Pulau Bunta. Sekilas kedengaran asing, karena tidak banyak yang mengetahui pulau tersebut. Hanya segelintir orang, bisa jadi yang hobi memancing atau suka berpetualang yang tahu tentang pulau ini. Pulau Bunta terletak di Peukan Bada, Aceh Besar. Sebuah pulau yang menyimpan berjuta keindahan mulai dari panorama yang indah, terumbu karang yang cantik tak kalah dari sabang, serta pulau ini terkenal karena tak ada tupai sehingga pohon kelapa dapat tumbuh subur, dan uniknya lagi di pulau ini tidak ada nyamuk.
Rasa penasaran yang tinggi mengundang saya untuk mencari akses kesana, dan mencoba menjumpai pak keuchik pulau bunta untuk meminta izin. pak keuchik begitu mendukung serta merekomendasikan kami untuk naik perahu pak Asri, salah seorang penduduk asli pulau bunta yang sering ke Banda Aceh. Akhirnya kami  memutuskan akan berangkat hari sabtu 31’agustus 2013.

***

Pagi ini saya dan 5 orang teman menumpang mobil Pick-up, kami duduk dibelakang dibawah sinar matahari pukul 10 yang tak segan-segan membakar kulit kami. Perkenalkan teman- temanku, Rinal, Ian, Laey, Edy, dan Surgek.  Di tambah empat orang teman Rinal yang naik motor, Ayi, Tm, Amar, dan Abot. Kami menuju daerah Lam Tengoh, disana tempat kami akan berangkat menuju destinasi.
Sebuah perahu hijau milik pak Asri sudah siap di ujung dermaga. tanpa menunggu lama kami langsung mengangkat barang-barang bawaan ke atas perahu sambil bercerita tentang kisah pulau bunta dengan pak Obay. Pak Obay bukan penduduk asli pulau bunta, tapi sudah menetap lama disana, jadi banyak hal yang dia tahu. Setelah semua naik perahu, kami berangkat.
Ini pengalaman pertama saya naik perahu menyusuri perairan antara pulau batee dengan ujung barat pulau sumatera, ujong pancu. kata pak Obay, “Di antara kedua pulau ini lautnya terkenal ganas, karena disini tempat yang mempertemukan samudera hindia dan selat malaka”. Beruntung waktu itu arus tidak terlalu kuat, selat malaka dan samudera hindia sedang “akur”. Tapi demi keselamatan tetap saja kami memakai jaket pelampung.
Sepanjang perjalanan kami disuguhi pemandangan indah, birunya laut berpadu eksotisnya pulau bunta tampak dari kejauhan seakan memanjakan mata. Kata pak Obay, “pulau ini dinamai bunta karena bentuknya yang seperti punggung unta, memiliki dua bukit yang menjulang diatasnya.”
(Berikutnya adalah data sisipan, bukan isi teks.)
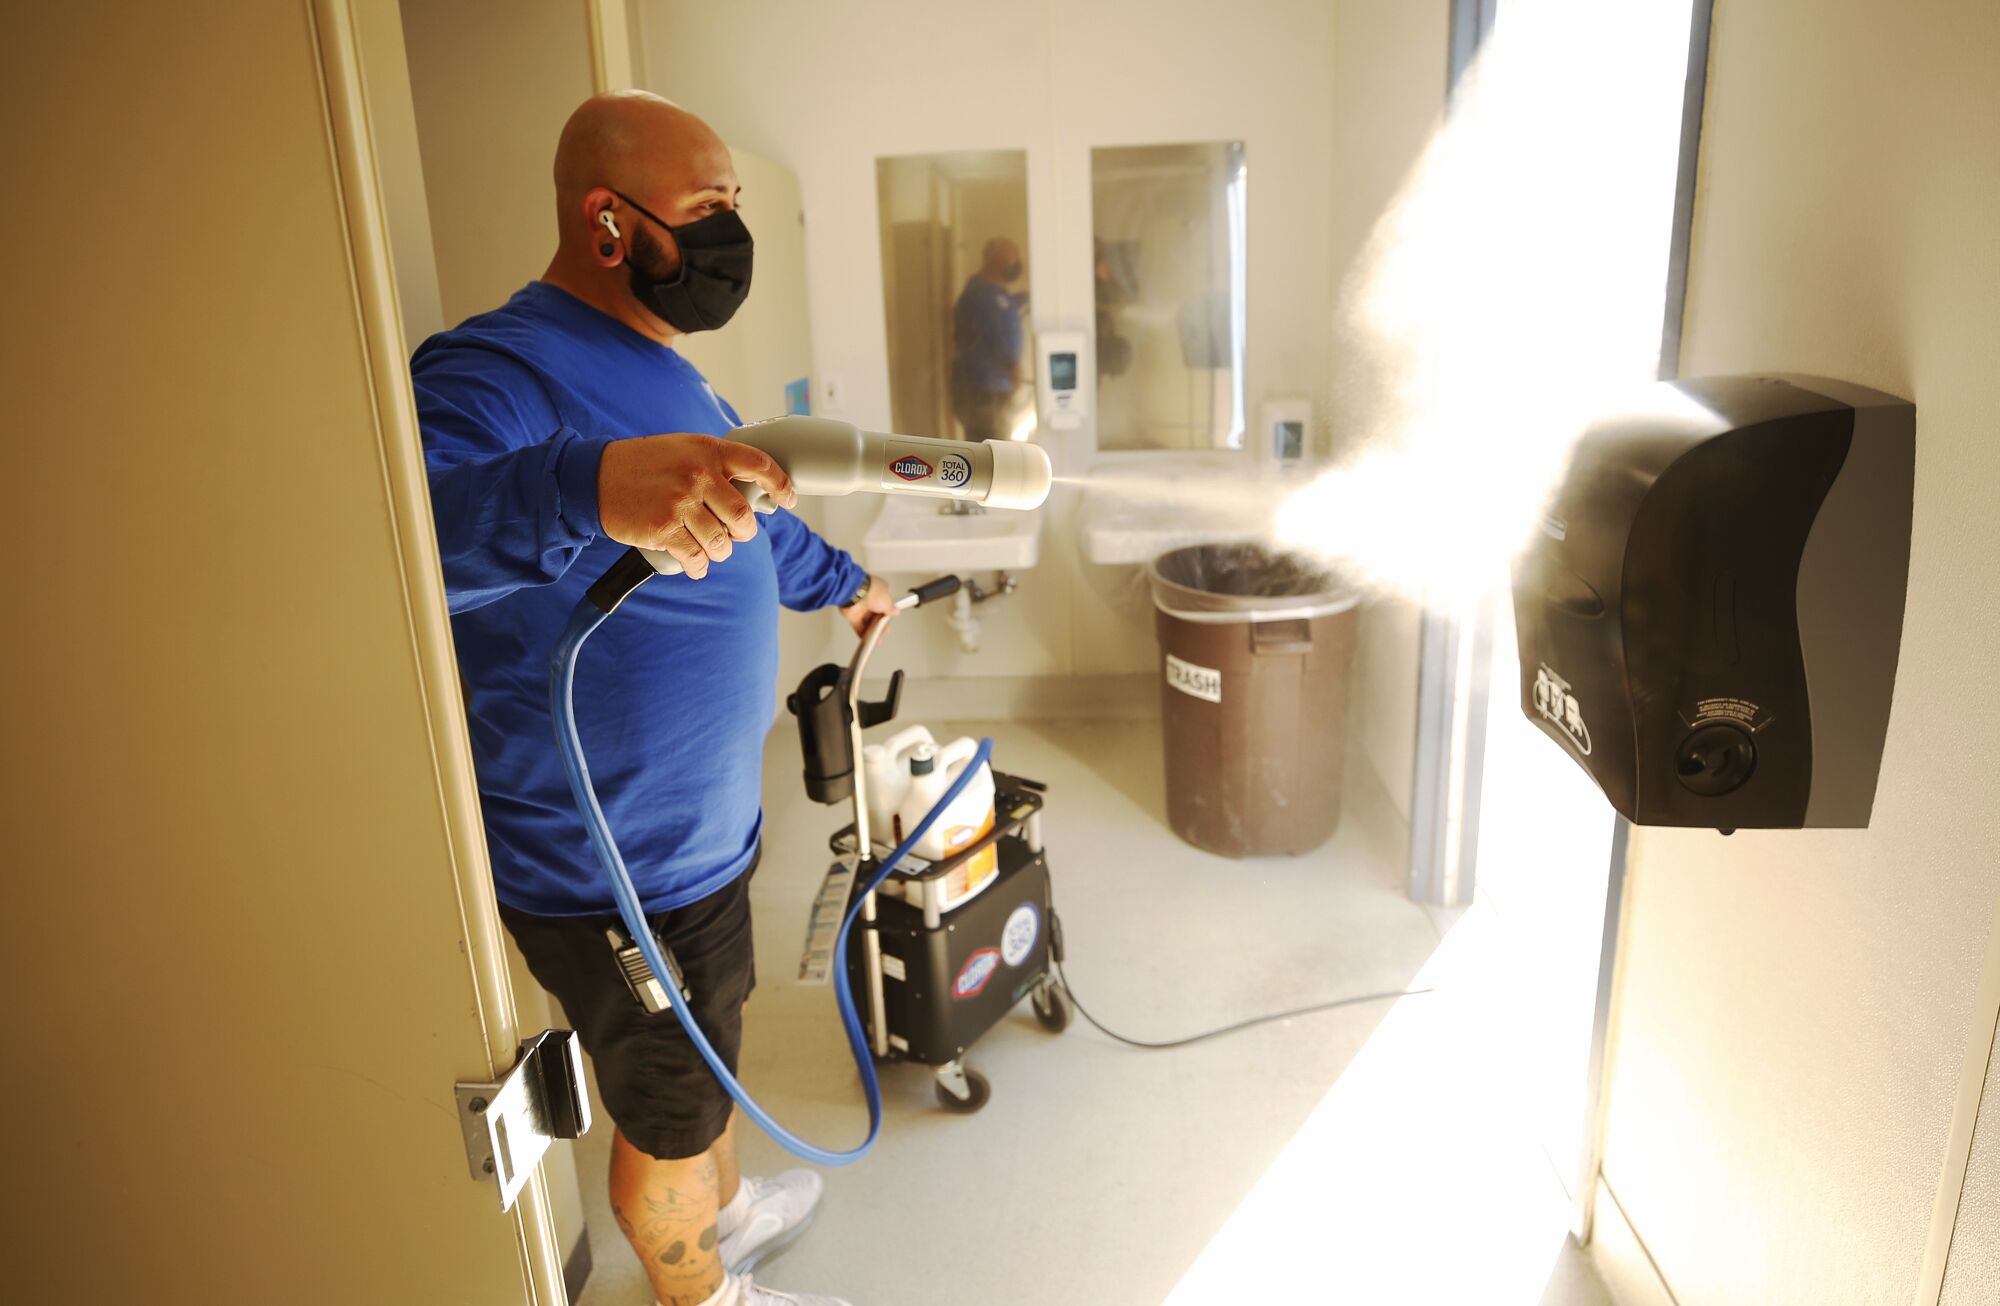 David Contreras uses a spray gun in a bathroom at the school.

Setelah satu jam perjalanan kami tiba di pulau bunta. Perahu yang kami tumpangi tidak bisa menepi di dermaga karena dermaganya rusak akibat terjangan gelombang tsunami 2004 silam. Kami terpaksa harus mendarat di air yang hampir sepinggang, barang-barang bawaan kami angkat tinggi agar tak terjamah oleh ombak.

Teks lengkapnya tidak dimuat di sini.